For my marathons, I’ve seen how to use caffeine appropriately. It typically needs fifteen to thirty minutes to kick in, and then you’ve got to get a pretty high dosage, depending upon your body. A lot of people don’t get nearly as much caffeine as they need per kilogram of body weight.

MJ: When I look at supplements, I start with safety. We don’t want anything that’s not well researched and efficacious. The problem with CBD is there’s so much hype and noise. Before we started selling CBD, we said, We can’t rely on what the vendor’s telling us, even the most reputable vendors — we need to test all of them. The results are shocking. Of a hundred products we tested in the CBD space, less than ten percent were within five percent of what they said was in the product. And some were no more than olive oil or MCT oil.

JH: I have a buddy whose brand made me customized [CBD] blends. All his stuff is small-batch, he would test it and send me the actual numbers and what was in it. I noticed a difference using it. For me, it was all about sleep, anxiety and travel. Some topical delivery systems seemed to make a difference, especially around marathon training. But it does go back to what you were talking about earlier, when you send some of that stuff out to get tested and there’s nothing in it. It’s not that the active ingredient doesn’t work, it’s that the company isn’t giving you the supplement with the ingredient in it! It’s crazy.

In the past two years, you’ve seen changes in delivery systems, like with Amp lotions and Maurten hydrogel, but the core components of each have been around. Carbohydrates have been known to increase exercise performance since the Fifties. It’s not that this stuff has to be exceedingly new; the main issue is that nobody’s taking it right. The next big step in the industry is going to be increasing consumer knowledge about how to utilize them to maximum results.

MJ: Yeah, fifteen years ago sports drinks had tons of carbs in them and it was impeding people’s ability to hydrate, making them sick. They were falling apart. Maurten comes along, creates a product that starts out as a liquid and converts to a hydrogel as you drink it. The carbs — glucose, maltodextrin — are encapsulated into this gel that doesn’t digest in your stomach, it’s primarily digested in your small intestine. You don’t get sick to your stomach, you still get your hydration and you can take four to five times the amount of carbs than before. It’s like starting the second hour almost as fresh as you were in the first hour.

JH: The future of supplements is going to involve reconceptualizing what actual supplements are. It doesn’t have to be pills and powders. There’s a very interesting research study about female athletes eating a Mediterranean diet versus a Western standardized diet [for] four days leading up to a competition — the diet acted as a supplement, like a true ergogenic aid, to improve their 5K times.

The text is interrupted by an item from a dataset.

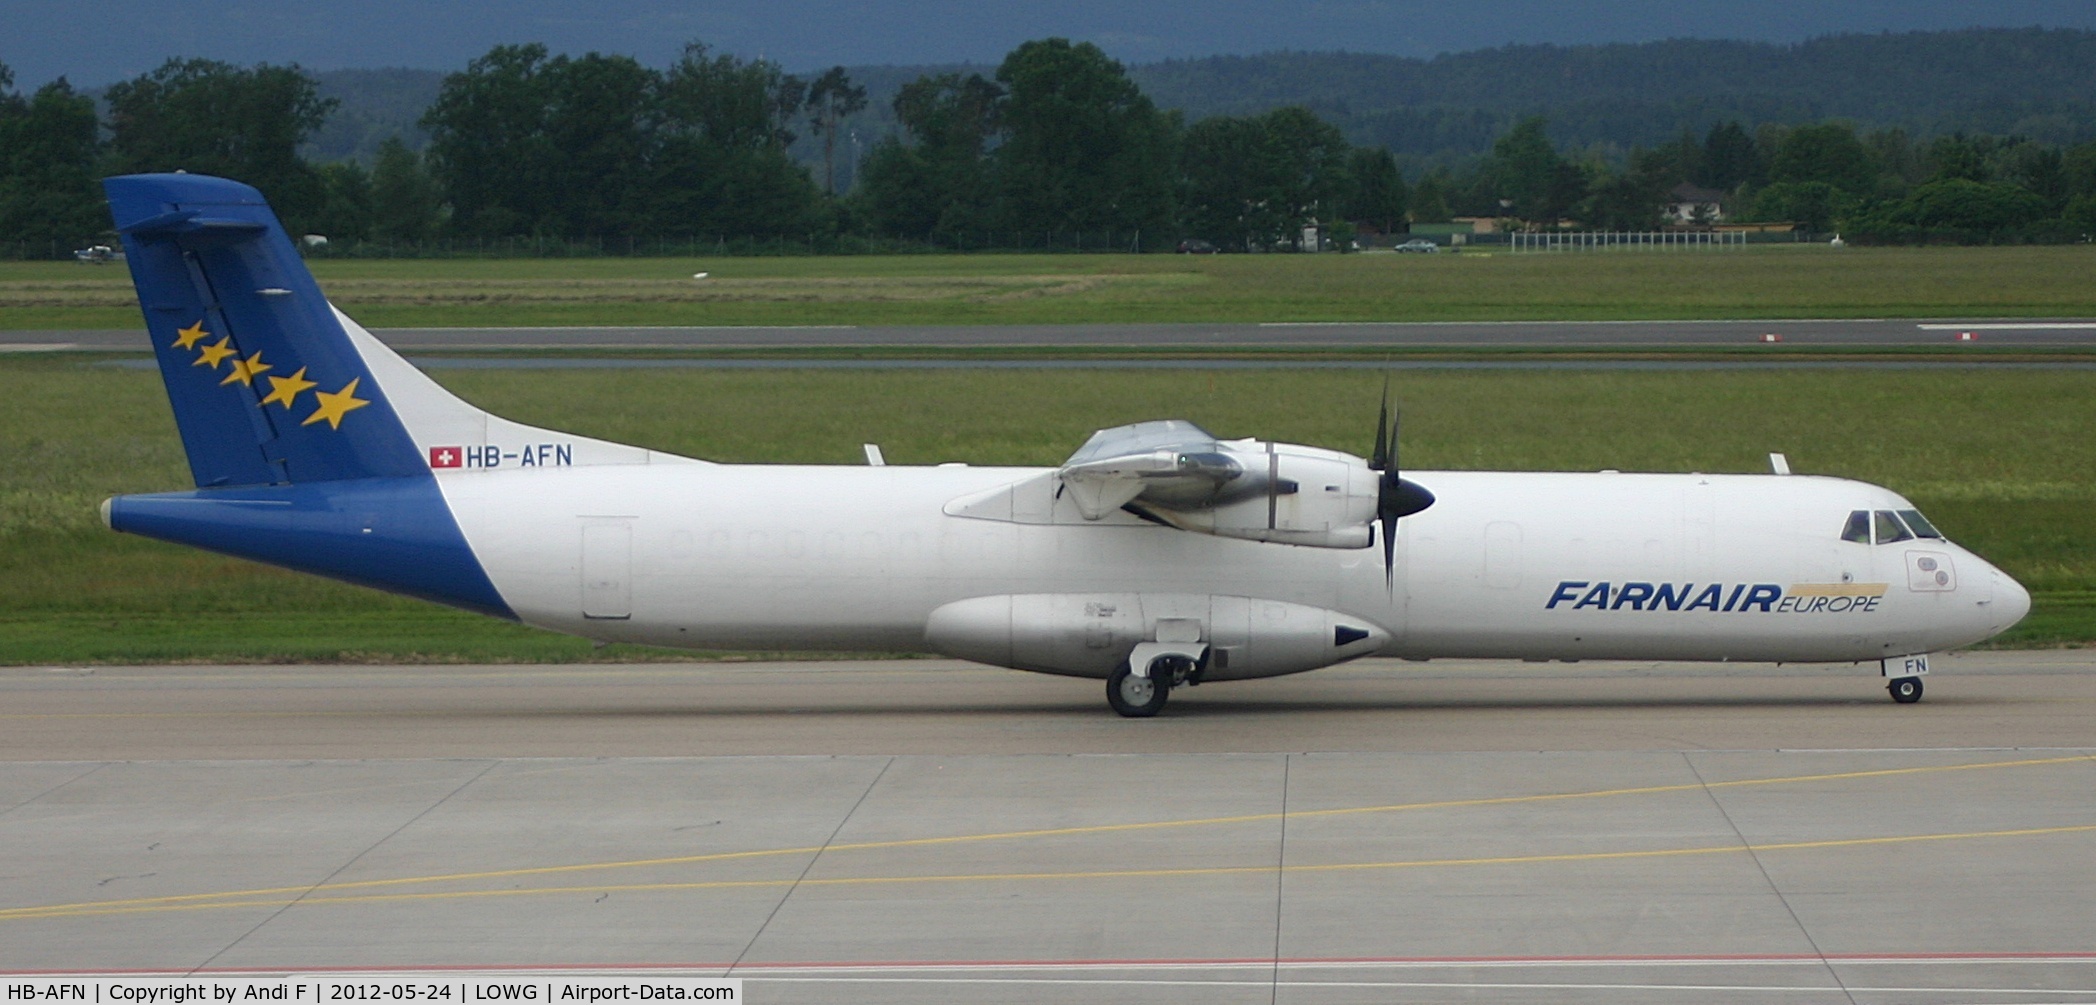 HB-AFN, 1994 ATR 72-201 C/N 389, Farnair Europe Aerospatiale ATR-72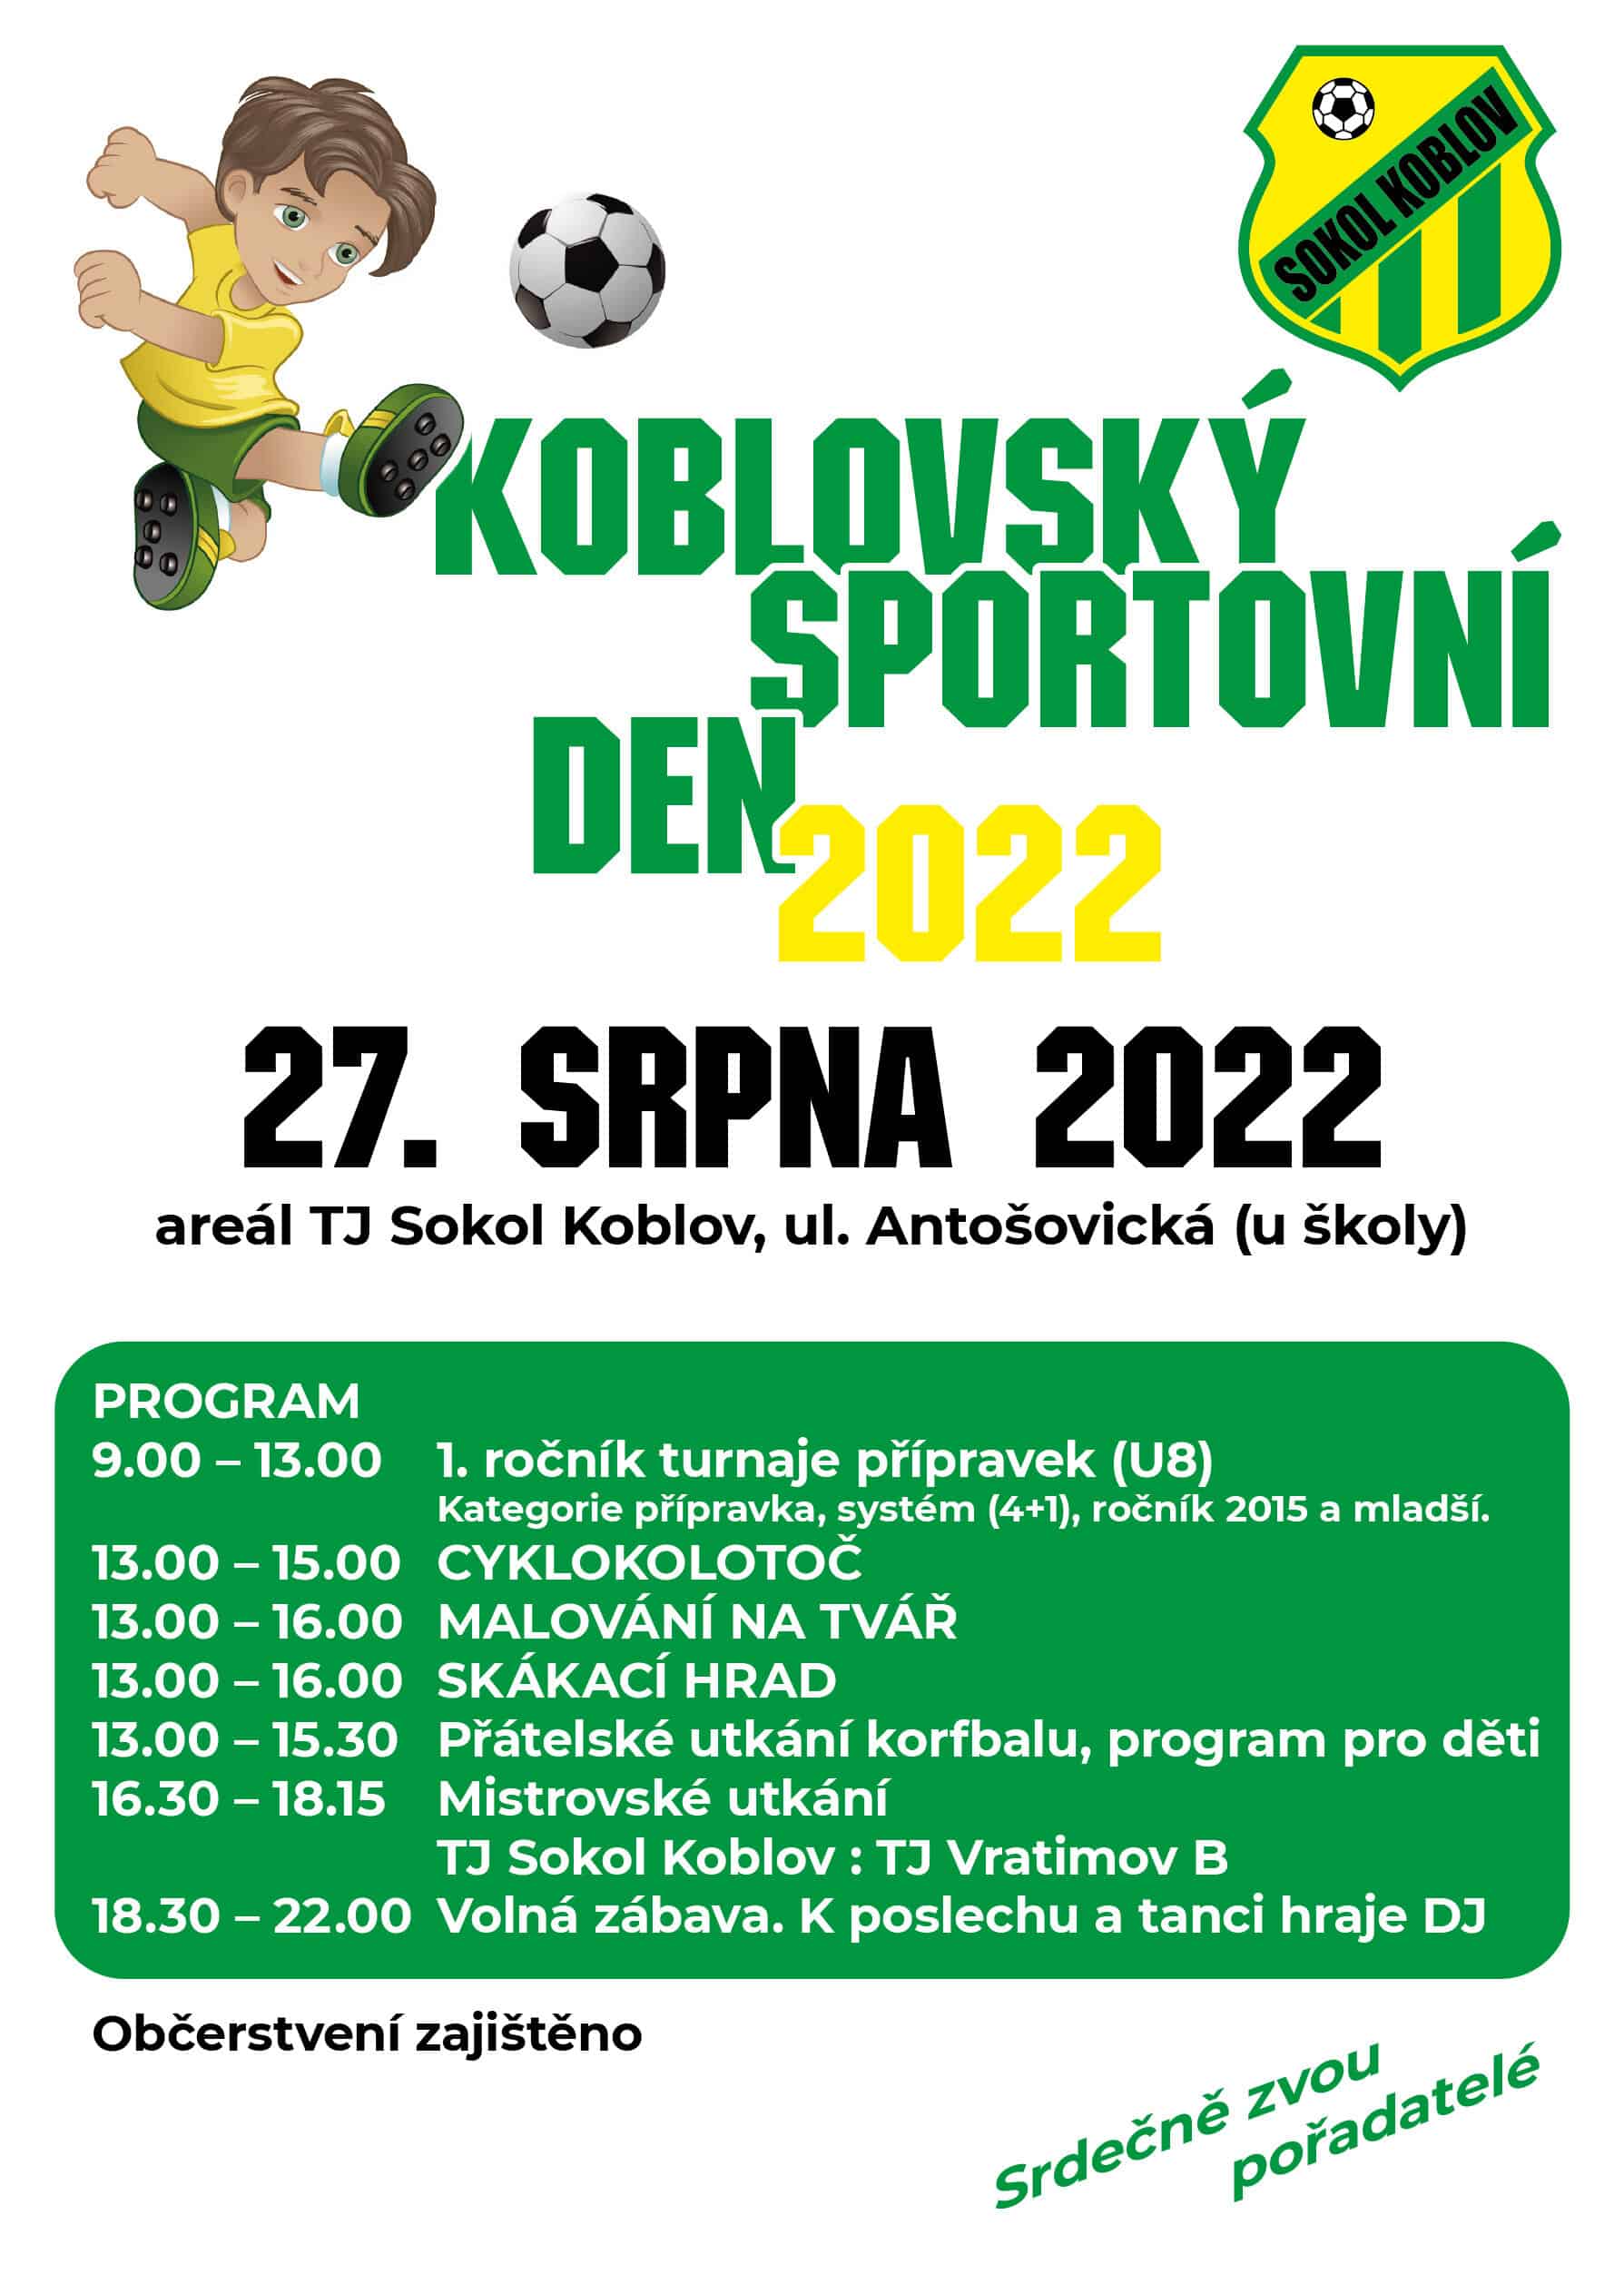 Koblovský sportovní den 2022

MJ: I think the biggest thing with diet is reducing inflammation. I’m not surprised that a Mediterranean diet would lower inflammation markers.

JH: If everybody cut out the sugar and understood how to properly carb-cycle — that at the proper moment, especially for athletes, sugar and carbs are your best friend — it’s just about knowing how to use them properly. I think that that’s kind of right on trend.